Suggestions welcome. I will have a look at those sites in the meantime, lots of sales on at the moment due to crap summer weather economic downturn etc. So I will start looking around for suitable plants. They are practically giving away garden furniture in the larger stores over here at the minute due to the bad weather, great bargains to be had, so might pick up a few of those as well. Thanks boys!!!


----------



## Ed Seeley (3 Aug 2008)

Probably best to have a look at some things you like then see if they're suitable.  Personally I used to use lots of hardy gernaiums in designs as they are tough as anything and, if you get the right species, are compact floriferous and even evergreen.  I'd recommend _G.macrorrhizum_ or _G.x cantabrigiense_ and some small _G.x oxonianum_ cultivars.  If you can't get these locally I may be able to post you some in the Autumn!
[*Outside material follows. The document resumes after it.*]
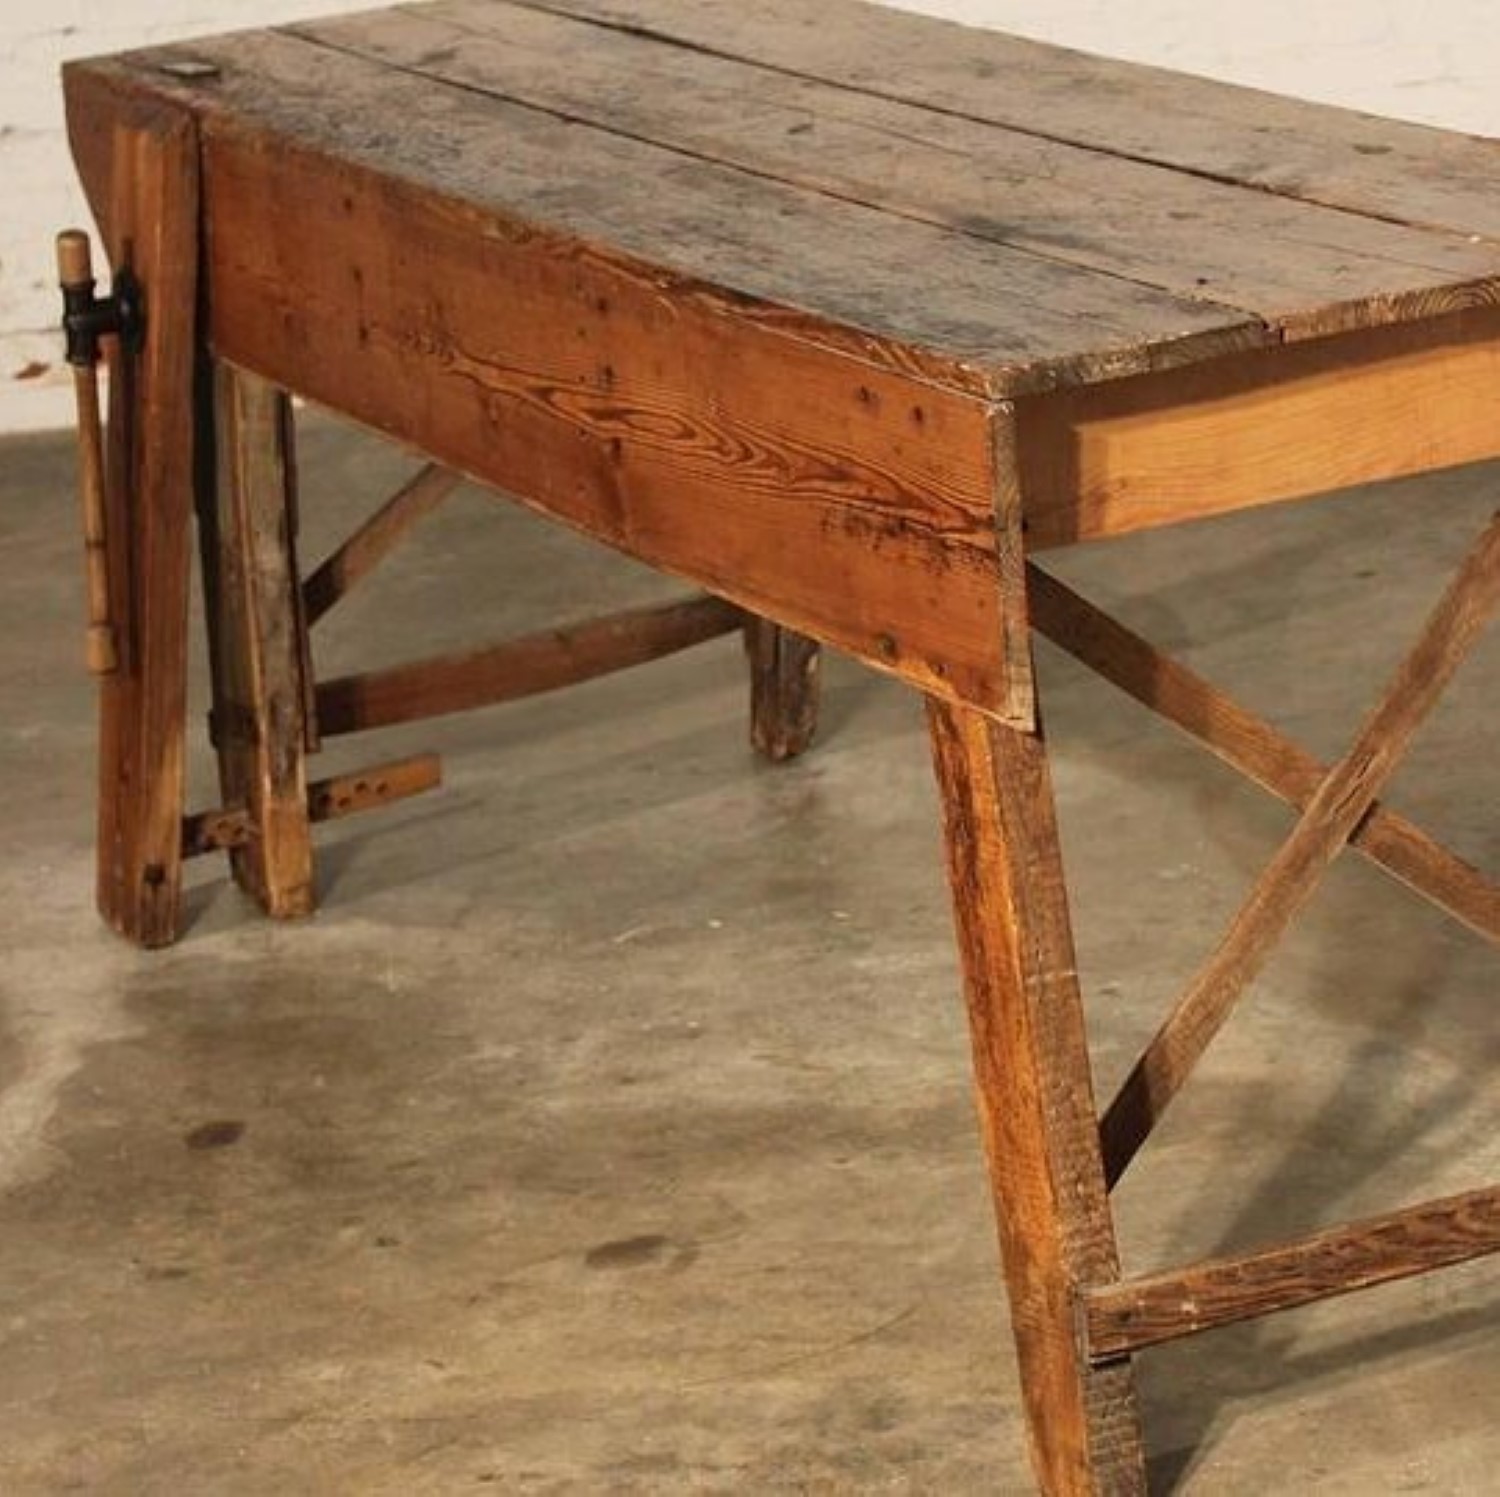 Primitive Industrial Farmhouse Style Dining Table Workbench with Wood Vise Leg

As shrubs then the ground cover _Euonymous _are very useful, but go for more spectacular ones if you can.  I love _Euonymous alatus_ and _Hamamelis x intermedia _as feature shrubs for shady spots.

Enjoy your searching for plants - it's half the fun!


----------



## ulster exile (3 Aug 2008)

Excellant thread - I too have a small shaded front garden covered in gravel so you've saved me asking the question.  Unfortunately my last attempt at planting (berberis bushes, lavender and hebes ended in disaster when some numpty stole the newly planted plants and broke the lavenders when they couldn't pull them up).


----------



## Matt Holbrook-Bull (3 Aug 2008)

ulster exile said:
			
		

> Excellant thread - I too have a small shaded front garden covered in gravel so you've saved me asking the question.  Unfortunately my last attempt at planting (berberis bushes, lavender and hebes ended in disaster when some numpty stole the newly planted plants and broke the lavenders when they couldn't pull them up).



oh noes!!!!!

thats horrible! you know, sometimes I wonder about the human race...


----------



## ulster exile (3 Aug 2008)

I know - it's hard to know what's worse...having the plants stolen or having the gravel flung at our windows when they walk past the garden as the garden is about chest height to pedestrians so it's obviously too hard for a chav to resist!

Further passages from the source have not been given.